--- Source data ---
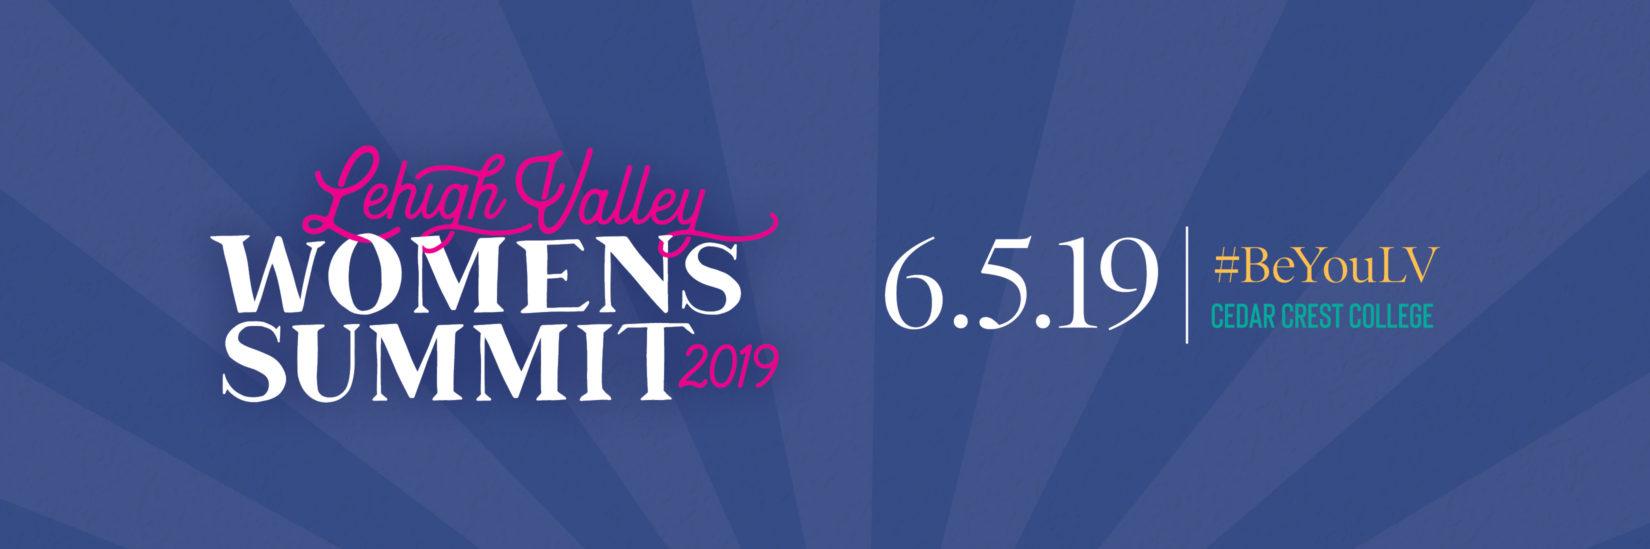 Lehigh Valley Women's Summit 2019 – Just another WordPress site
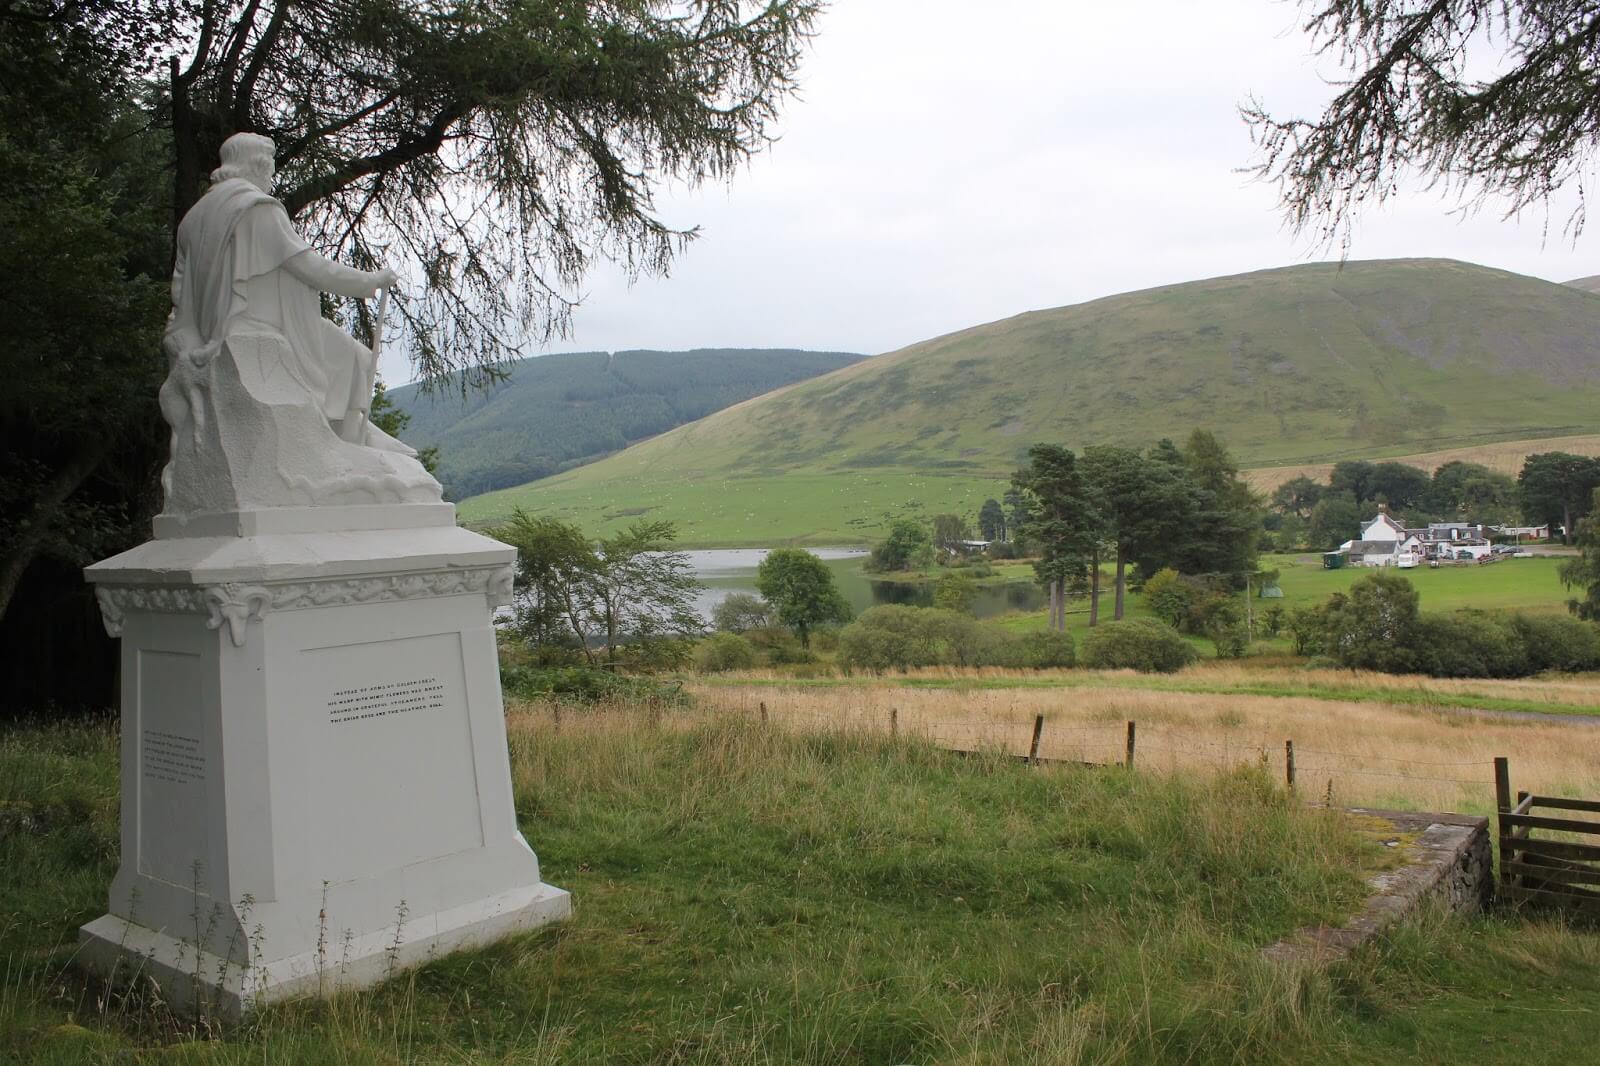 Edinburgh water supply
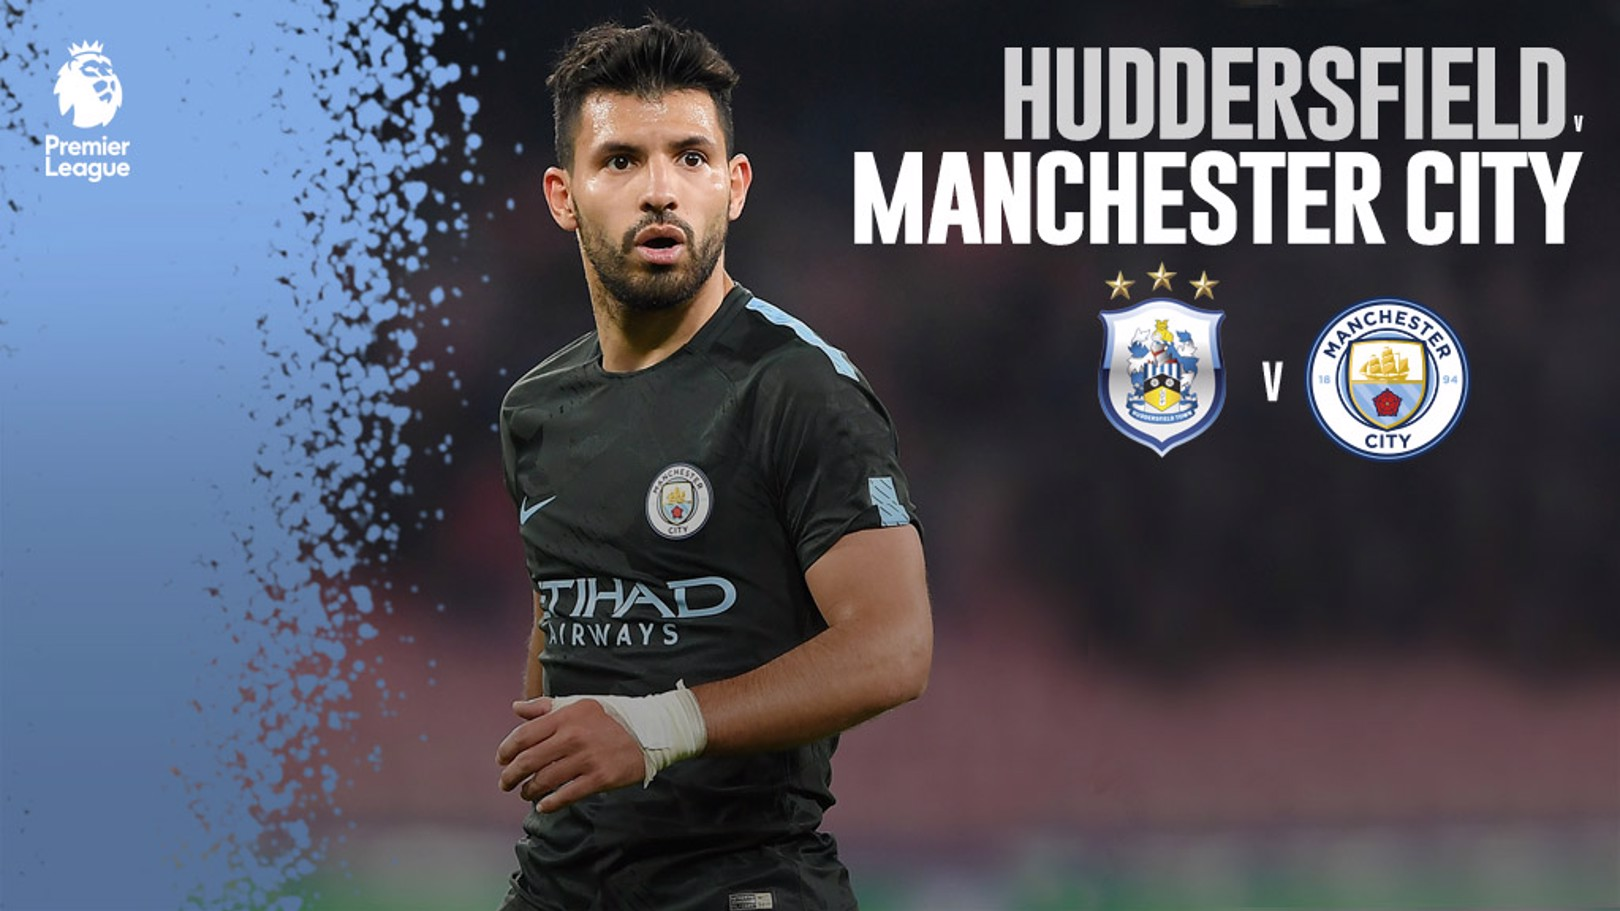 HUDDERSFIELD - CITY. Decimotercera jornada de la Premier League.
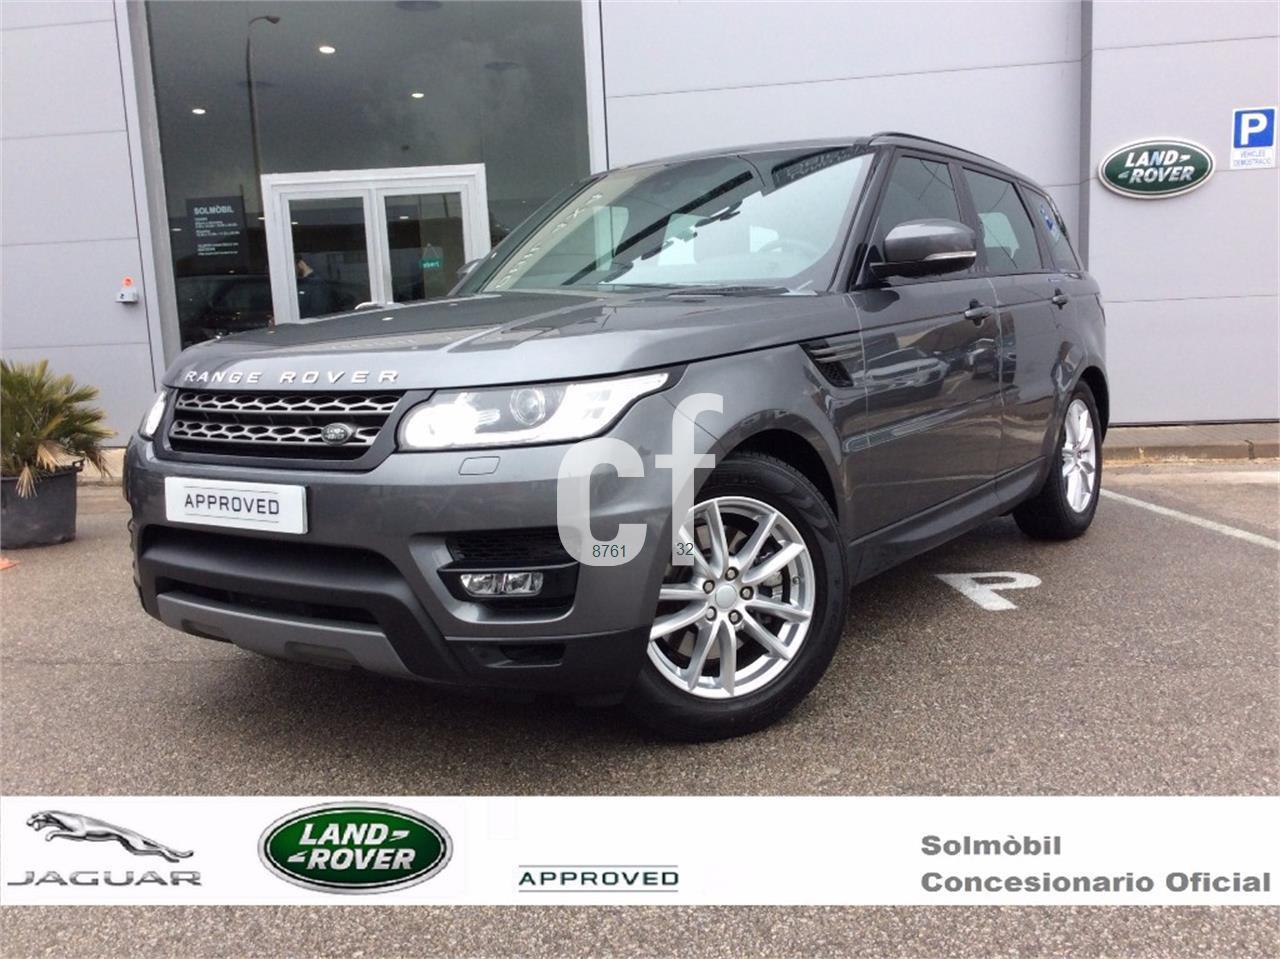 LAND-ROVER Range Rover Sport de venta de venta por 69843

--- Assignment ---
Reproduce exactly, and only, the lines that begin at the one containing "HUDDERSFIELD - CITY." and end with the final line of the data, both included, while omitting every picture.

--- Result below ---
 HUDDERSFIELD - CITY. Decimotercera jornada de la Premier League.
 LAND-ROVER Range Rover Sport de venta de venta por 69843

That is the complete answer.